◆ Given information ◆
*** Begin section ***
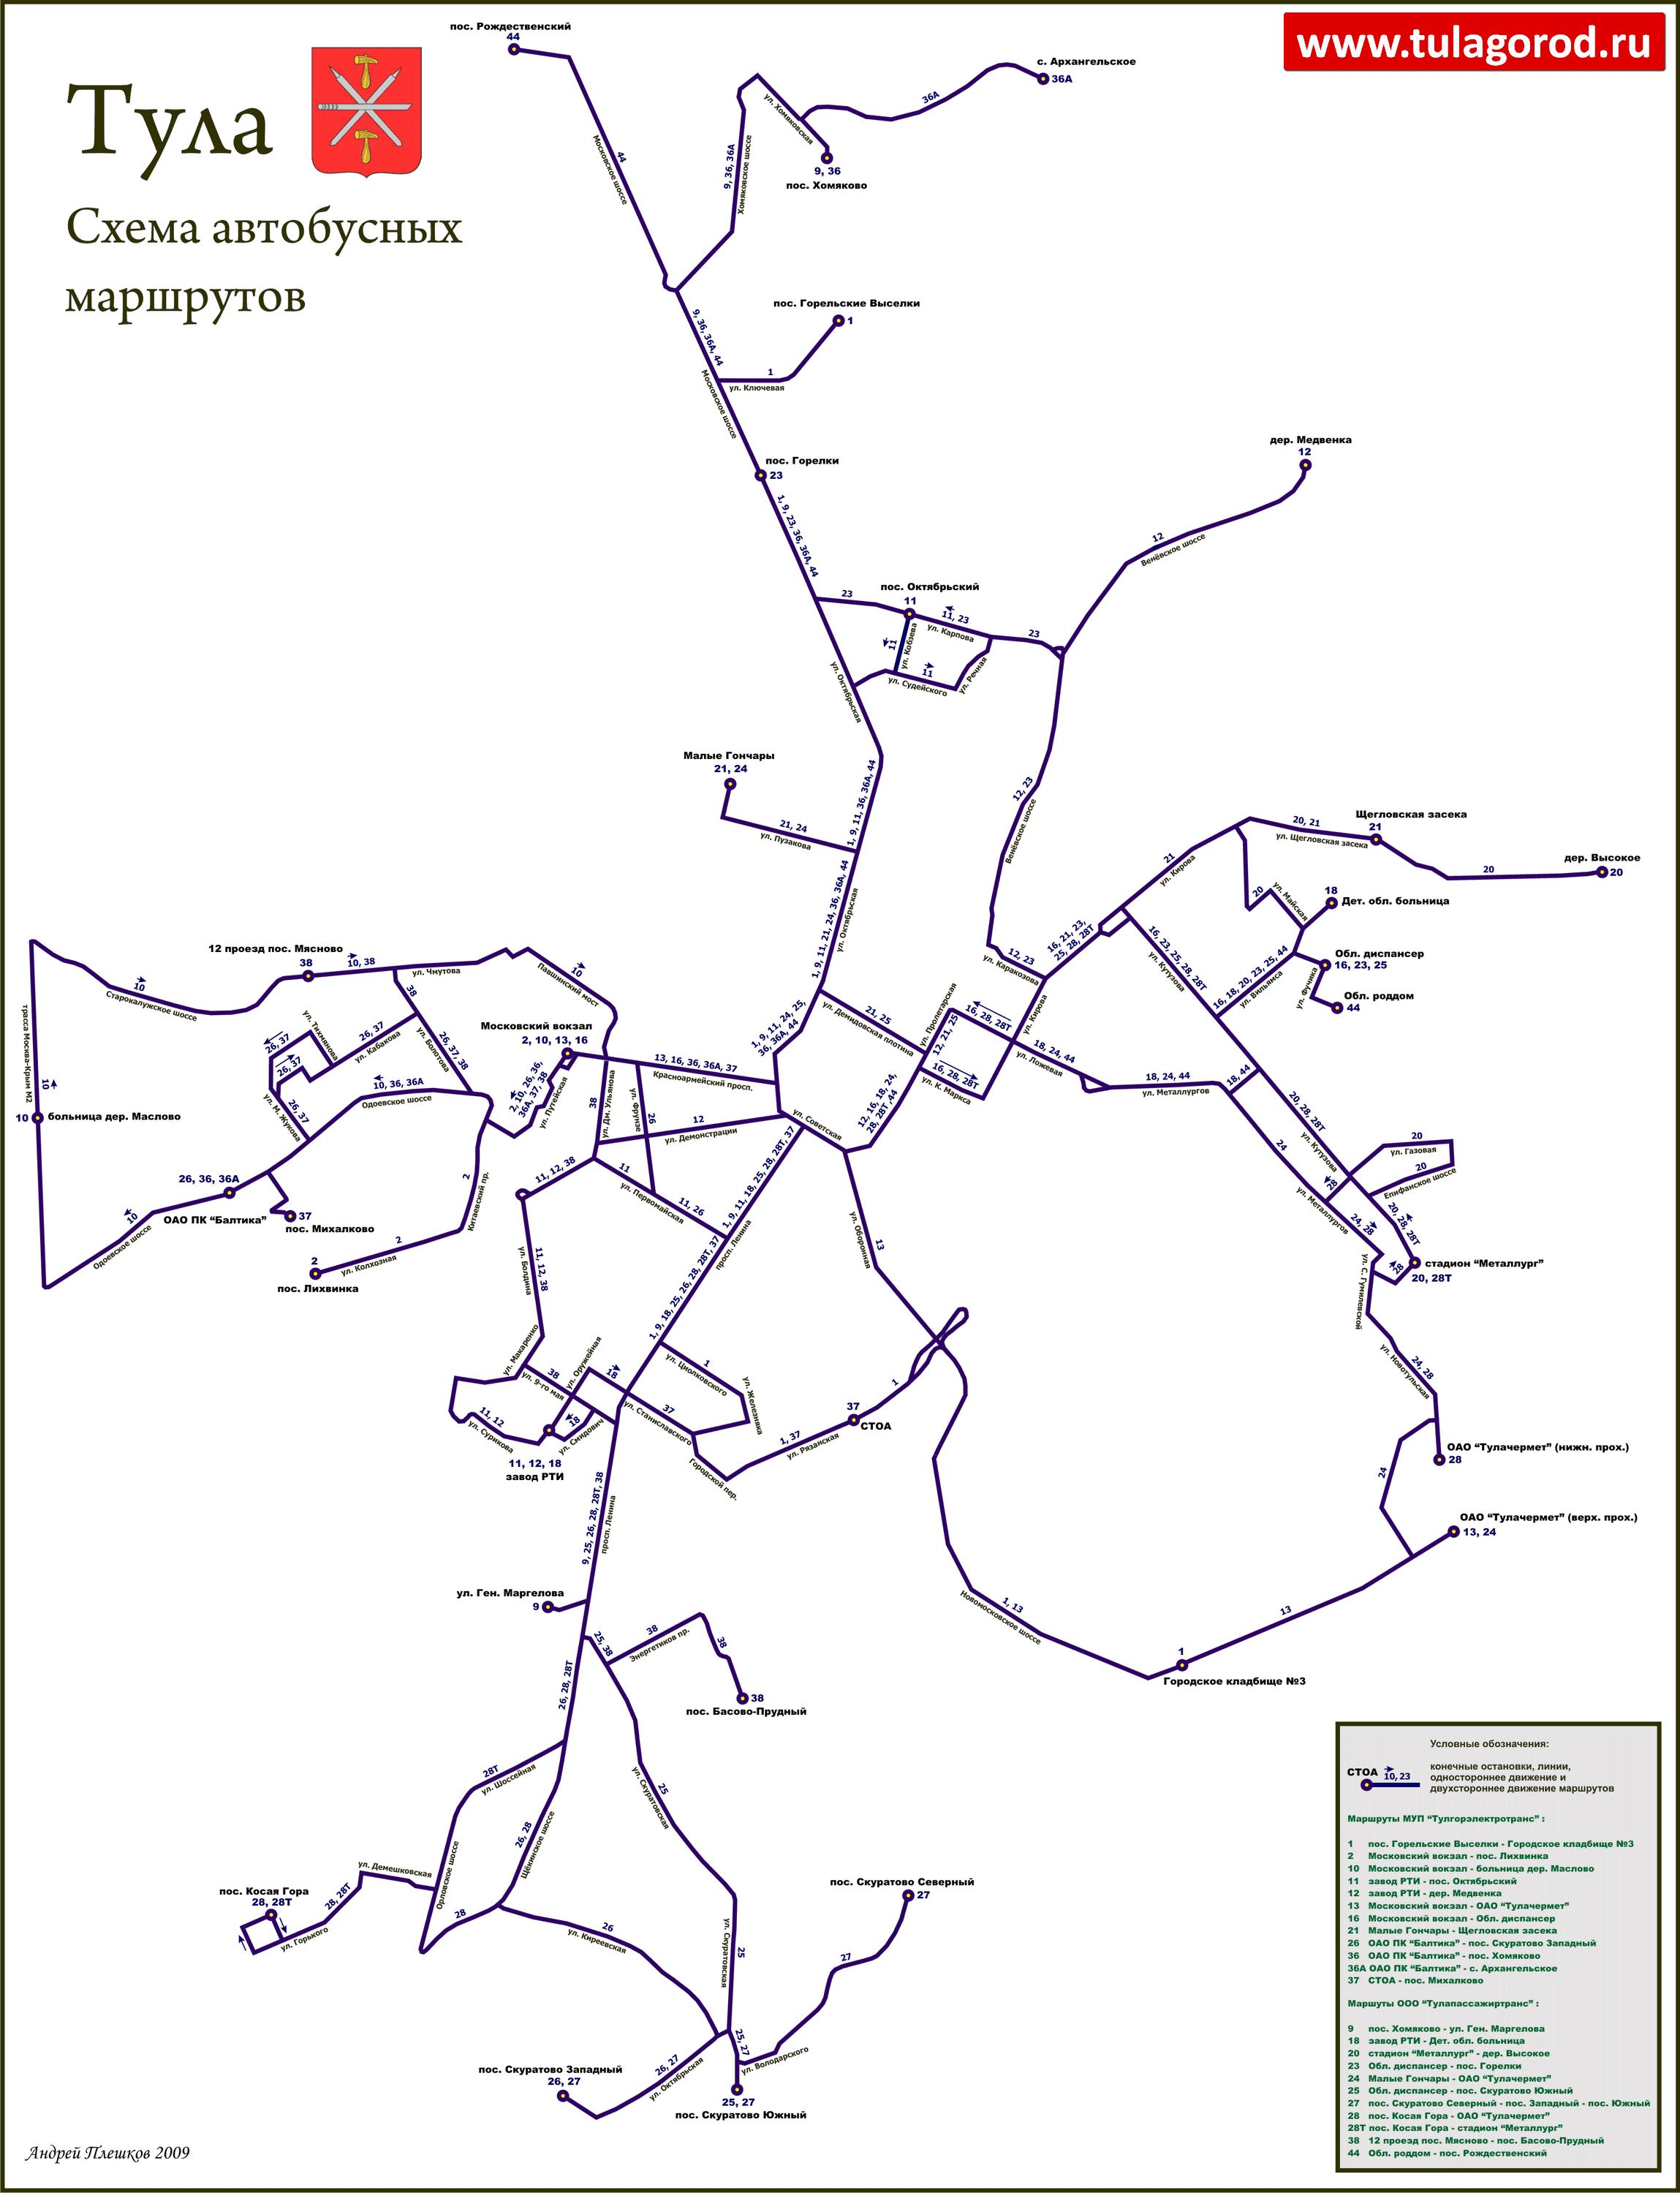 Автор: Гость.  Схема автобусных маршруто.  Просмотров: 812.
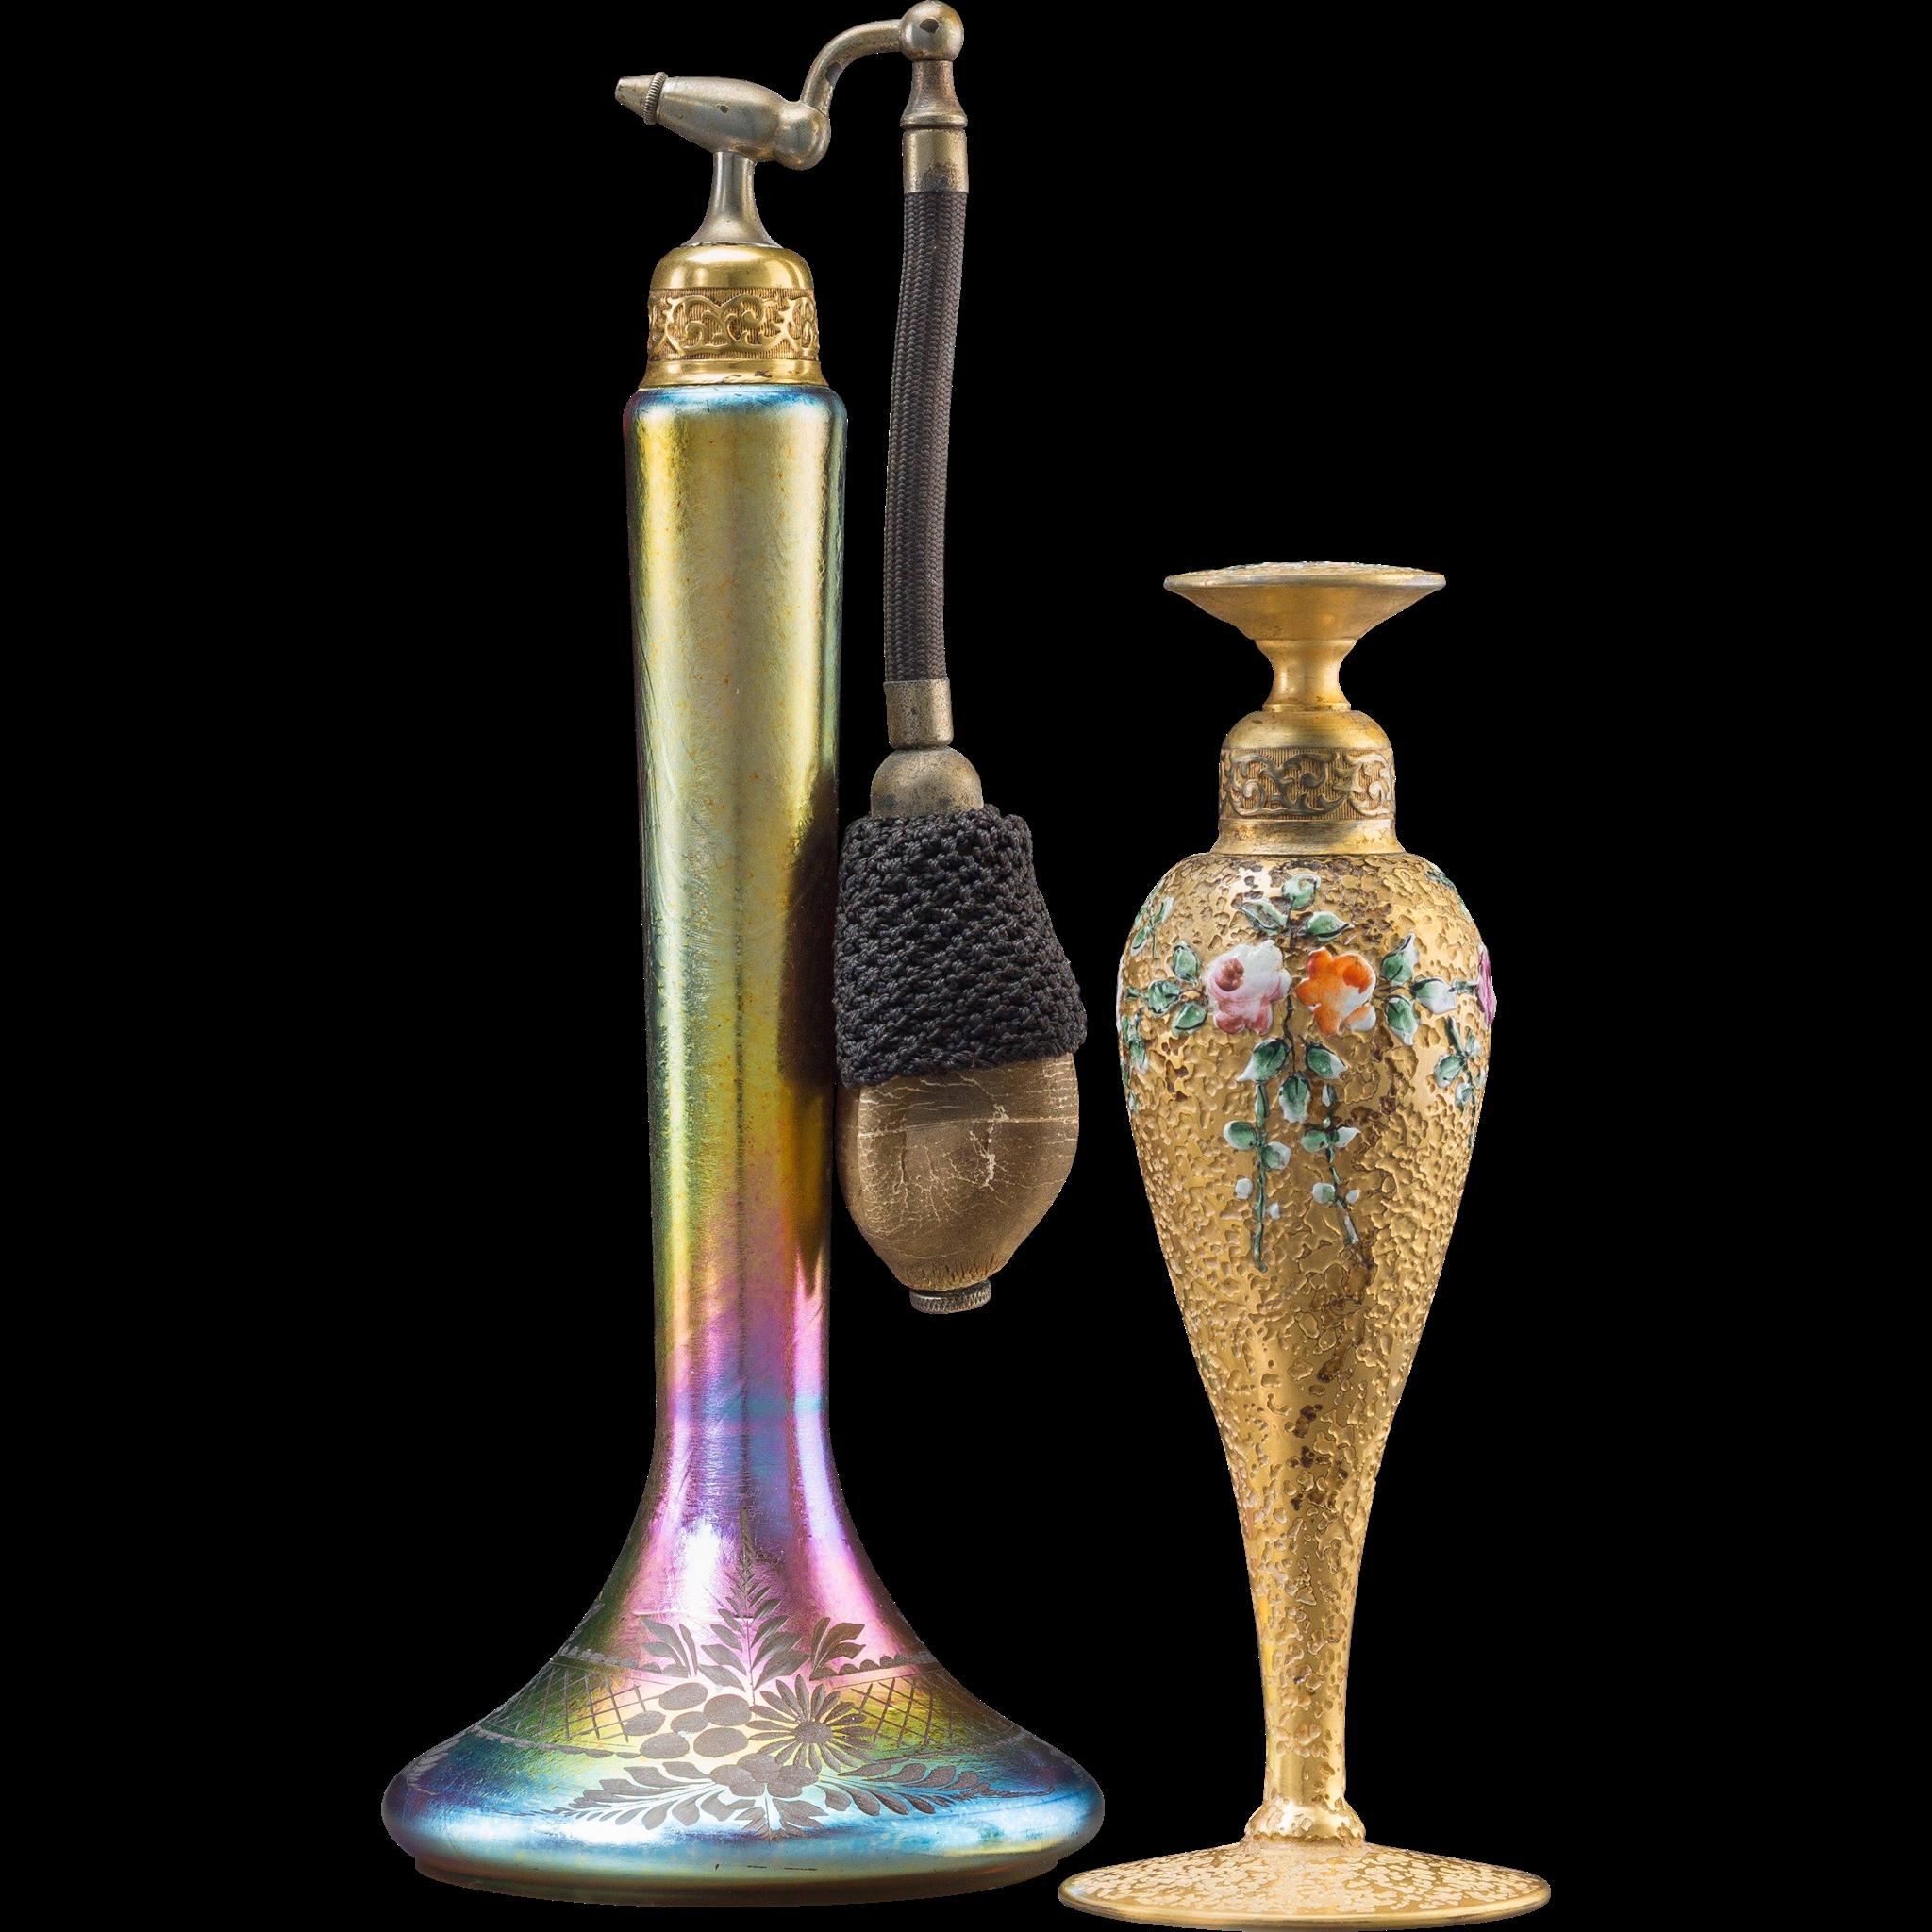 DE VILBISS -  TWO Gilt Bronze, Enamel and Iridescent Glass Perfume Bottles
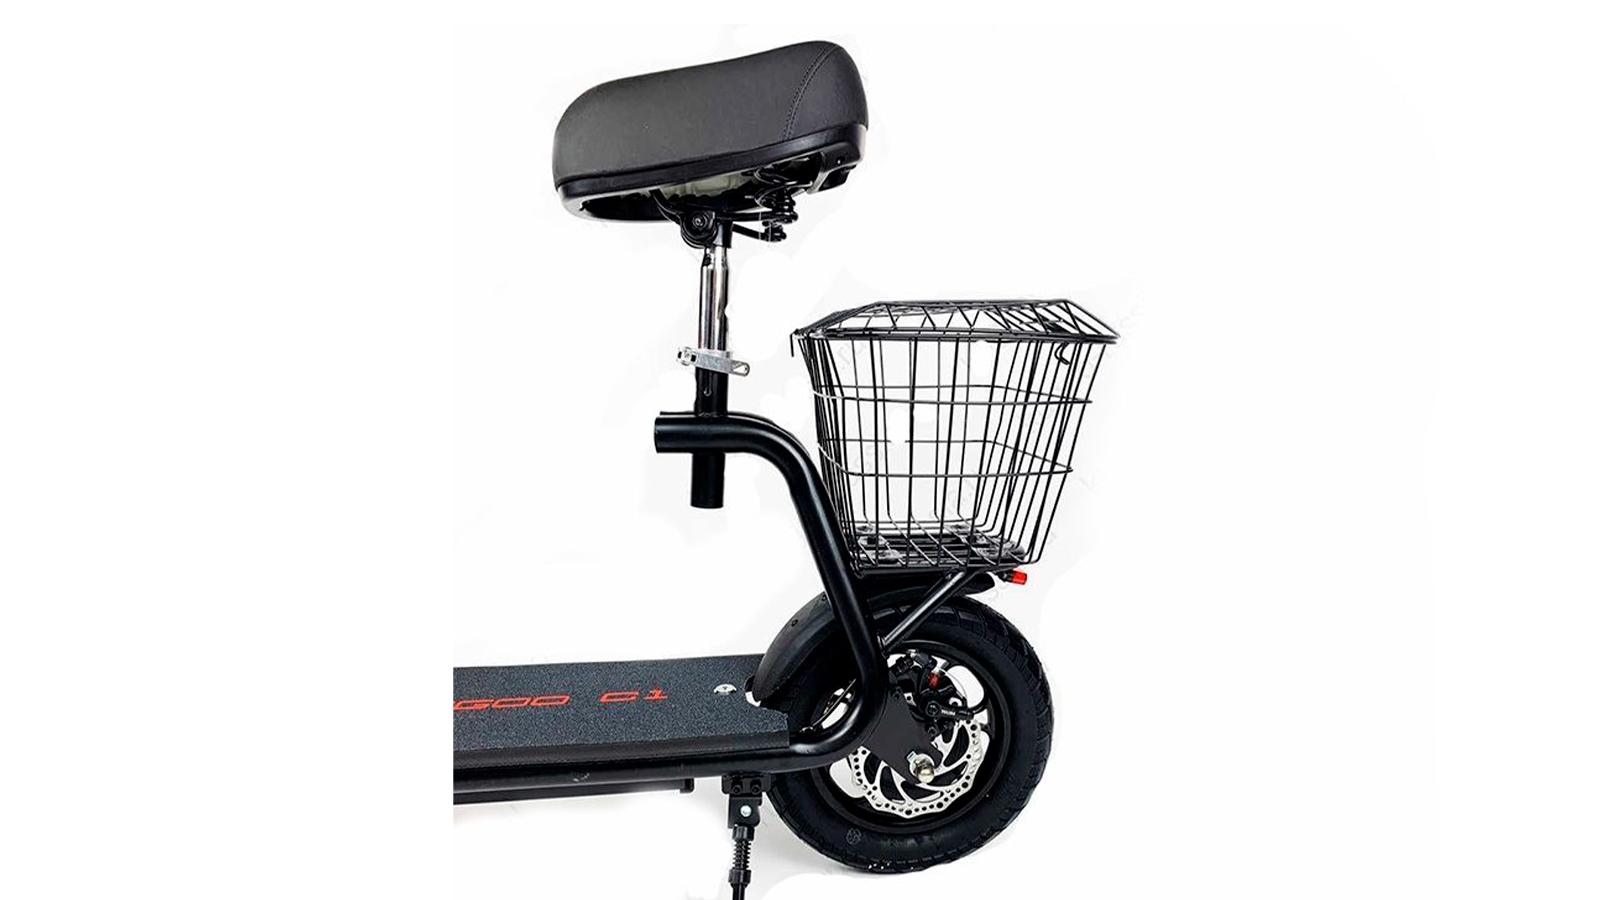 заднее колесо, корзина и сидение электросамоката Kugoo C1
*** End section ***
◆ Directions ◆
Please copy the data above word for word, but only from the line that contains "Glass Perfume Bottles" through the final line, both included, and without the pictures.

◆ Response box ◆
 DE VILBISS -  TWO Gilt Bronze, Enamel and Iridescent Glass Perfume Bottles
 заднее колесо, корзина и сидение электросамоката Kugoo C1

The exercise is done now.